*What to do:*
Where a line contains the word "Shop", copy that line from the records below.

*Recorded data:*
......

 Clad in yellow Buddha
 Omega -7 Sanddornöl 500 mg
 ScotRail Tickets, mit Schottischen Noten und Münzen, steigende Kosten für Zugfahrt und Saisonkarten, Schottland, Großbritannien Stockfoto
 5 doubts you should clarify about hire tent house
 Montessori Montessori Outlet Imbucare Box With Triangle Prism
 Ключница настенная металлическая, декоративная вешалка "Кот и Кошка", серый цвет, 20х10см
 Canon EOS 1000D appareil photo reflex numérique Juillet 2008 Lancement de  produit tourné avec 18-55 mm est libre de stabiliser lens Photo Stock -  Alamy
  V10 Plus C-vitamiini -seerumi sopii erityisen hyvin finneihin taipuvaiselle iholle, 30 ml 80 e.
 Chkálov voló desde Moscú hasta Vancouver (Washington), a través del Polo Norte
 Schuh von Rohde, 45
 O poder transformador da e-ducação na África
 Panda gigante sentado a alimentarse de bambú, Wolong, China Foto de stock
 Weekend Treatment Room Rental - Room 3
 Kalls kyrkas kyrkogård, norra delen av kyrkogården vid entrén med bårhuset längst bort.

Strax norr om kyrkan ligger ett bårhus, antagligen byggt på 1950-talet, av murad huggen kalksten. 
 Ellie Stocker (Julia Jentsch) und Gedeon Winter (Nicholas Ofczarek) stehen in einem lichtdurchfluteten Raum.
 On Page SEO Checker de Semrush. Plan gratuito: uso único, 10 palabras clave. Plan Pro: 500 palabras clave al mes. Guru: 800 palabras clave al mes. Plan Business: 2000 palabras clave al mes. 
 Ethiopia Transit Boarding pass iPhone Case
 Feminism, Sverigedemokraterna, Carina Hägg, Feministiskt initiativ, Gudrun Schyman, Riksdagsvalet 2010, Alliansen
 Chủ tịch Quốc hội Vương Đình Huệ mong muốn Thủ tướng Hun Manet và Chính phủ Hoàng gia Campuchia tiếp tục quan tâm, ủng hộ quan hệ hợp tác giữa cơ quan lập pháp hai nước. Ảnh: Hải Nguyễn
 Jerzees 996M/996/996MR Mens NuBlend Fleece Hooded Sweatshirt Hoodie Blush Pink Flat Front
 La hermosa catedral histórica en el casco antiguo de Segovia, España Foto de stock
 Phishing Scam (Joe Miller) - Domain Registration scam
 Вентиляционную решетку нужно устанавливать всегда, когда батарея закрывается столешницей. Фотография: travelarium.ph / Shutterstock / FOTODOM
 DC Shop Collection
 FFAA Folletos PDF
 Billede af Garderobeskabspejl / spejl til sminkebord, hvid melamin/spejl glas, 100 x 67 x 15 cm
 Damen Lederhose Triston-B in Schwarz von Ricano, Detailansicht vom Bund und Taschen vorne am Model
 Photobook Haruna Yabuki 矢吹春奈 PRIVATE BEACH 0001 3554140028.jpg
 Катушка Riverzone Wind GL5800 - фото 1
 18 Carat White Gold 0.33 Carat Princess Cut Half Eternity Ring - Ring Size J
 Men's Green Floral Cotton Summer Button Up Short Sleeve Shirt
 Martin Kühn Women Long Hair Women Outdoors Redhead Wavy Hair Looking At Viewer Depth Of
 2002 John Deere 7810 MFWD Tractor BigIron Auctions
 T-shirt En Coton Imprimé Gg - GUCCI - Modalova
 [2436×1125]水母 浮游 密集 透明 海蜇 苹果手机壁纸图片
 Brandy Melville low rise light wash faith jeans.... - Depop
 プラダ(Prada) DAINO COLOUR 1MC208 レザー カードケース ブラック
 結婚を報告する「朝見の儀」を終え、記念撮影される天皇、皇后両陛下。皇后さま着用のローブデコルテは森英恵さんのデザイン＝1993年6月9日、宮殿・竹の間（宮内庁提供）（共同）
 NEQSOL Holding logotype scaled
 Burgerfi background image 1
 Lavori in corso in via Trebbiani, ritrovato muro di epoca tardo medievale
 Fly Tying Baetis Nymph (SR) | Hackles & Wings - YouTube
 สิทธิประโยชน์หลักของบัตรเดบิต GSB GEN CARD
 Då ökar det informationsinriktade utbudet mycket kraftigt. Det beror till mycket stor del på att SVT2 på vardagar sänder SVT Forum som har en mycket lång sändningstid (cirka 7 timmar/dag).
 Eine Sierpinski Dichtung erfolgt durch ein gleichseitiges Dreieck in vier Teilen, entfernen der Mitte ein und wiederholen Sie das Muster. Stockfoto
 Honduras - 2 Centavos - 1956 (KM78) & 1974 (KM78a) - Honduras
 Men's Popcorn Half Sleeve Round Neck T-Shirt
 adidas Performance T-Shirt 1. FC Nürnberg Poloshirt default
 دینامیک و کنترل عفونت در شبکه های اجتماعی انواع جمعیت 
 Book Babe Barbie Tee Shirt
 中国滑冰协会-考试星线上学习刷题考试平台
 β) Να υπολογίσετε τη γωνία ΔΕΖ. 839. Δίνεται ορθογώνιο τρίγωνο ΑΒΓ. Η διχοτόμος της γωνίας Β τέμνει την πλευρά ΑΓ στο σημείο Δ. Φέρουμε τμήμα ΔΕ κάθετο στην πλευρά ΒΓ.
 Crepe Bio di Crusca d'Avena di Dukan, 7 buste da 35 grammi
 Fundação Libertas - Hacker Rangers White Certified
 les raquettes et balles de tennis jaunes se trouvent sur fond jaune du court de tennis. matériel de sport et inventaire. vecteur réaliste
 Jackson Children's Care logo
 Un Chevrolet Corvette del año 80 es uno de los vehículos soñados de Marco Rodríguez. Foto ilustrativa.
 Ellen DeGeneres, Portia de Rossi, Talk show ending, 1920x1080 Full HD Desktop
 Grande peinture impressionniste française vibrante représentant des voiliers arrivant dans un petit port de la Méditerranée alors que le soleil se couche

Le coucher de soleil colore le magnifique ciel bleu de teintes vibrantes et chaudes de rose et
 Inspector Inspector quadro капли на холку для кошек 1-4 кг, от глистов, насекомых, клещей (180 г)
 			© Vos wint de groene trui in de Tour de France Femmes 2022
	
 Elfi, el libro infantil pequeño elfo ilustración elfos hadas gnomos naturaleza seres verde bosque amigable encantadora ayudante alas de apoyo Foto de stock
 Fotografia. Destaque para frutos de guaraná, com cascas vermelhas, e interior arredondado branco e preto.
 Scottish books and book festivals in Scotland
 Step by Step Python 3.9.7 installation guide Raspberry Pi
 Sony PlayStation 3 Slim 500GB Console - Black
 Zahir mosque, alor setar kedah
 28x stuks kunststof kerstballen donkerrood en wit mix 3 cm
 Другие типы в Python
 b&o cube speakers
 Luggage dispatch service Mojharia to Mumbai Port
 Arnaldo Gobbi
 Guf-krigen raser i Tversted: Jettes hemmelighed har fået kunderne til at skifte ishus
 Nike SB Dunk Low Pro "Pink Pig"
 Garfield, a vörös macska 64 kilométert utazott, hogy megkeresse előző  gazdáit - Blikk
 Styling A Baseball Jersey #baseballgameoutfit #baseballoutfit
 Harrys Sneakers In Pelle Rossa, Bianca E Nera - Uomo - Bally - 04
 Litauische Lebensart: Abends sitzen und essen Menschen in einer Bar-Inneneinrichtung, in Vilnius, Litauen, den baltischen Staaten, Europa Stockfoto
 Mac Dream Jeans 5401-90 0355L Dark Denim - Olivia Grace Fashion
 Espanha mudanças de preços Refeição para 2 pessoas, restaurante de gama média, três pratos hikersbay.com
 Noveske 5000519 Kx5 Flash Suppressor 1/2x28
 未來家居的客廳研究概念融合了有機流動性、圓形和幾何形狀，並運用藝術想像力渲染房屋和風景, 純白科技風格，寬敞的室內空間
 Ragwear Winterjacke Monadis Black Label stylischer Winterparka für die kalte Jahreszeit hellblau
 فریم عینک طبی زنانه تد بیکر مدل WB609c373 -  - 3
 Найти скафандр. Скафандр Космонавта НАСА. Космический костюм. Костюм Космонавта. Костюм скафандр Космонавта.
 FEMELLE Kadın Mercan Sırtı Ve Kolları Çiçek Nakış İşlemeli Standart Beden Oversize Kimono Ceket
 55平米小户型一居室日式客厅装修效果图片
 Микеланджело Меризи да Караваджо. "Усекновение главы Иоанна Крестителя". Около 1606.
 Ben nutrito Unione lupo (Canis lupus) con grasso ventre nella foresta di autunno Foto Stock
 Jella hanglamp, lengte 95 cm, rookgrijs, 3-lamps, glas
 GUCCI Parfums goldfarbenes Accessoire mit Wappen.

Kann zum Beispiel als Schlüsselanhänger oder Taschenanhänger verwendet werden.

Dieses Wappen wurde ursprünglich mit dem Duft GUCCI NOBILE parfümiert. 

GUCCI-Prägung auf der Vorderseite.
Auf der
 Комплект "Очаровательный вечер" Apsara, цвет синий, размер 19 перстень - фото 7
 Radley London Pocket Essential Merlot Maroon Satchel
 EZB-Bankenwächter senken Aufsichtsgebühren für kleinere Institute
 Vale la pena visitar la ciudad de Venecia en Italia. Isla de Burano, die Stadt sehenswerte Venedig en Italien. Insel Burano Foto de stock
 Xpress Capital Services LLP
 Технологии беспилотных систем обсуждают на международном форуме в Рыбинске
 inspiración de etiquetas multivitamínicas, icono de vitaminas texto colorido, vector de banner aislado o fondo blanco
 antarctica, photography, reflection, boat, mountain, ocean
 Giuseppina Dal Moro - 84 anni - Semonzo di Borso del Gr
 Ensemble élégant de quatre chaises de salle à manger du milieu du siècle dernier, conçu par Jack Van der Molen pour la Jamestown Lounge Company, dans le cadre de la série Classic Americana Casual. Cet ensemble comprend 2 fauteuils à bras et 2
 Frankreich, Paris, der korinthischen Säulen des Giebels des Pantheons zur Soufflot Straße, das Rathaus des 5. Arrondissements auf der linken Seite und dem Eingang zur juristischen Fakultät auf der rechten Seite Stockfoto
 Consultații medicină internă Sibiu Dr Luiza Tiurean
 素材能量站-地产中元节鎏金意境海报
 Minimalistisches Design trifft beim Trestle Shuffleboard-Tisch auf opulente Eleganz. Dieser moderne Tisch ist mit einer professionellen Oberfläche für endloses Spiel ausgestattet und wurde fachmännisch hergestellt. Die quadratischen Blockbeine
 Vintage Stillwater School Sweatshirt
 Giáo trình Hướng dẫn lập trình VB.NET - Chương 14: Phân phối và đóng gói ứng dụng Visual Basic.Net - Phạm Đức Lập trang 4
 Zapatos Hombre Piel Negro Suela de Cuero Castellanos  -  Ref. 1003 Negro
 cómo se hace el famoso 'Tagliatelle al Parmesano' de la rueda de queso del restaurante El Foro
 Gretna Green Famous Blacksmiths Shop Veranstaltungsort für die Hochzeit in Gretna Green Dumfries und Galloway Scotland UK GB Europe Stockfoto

......

*Result for this task:*
 DC Shop Collection
 Gretna Green Famous Blacksmiths Shop Veranstaltungsort für die Hochzeit in Gretna Green Dumfries und Galloway Scotland UK GB Europe Stockfoto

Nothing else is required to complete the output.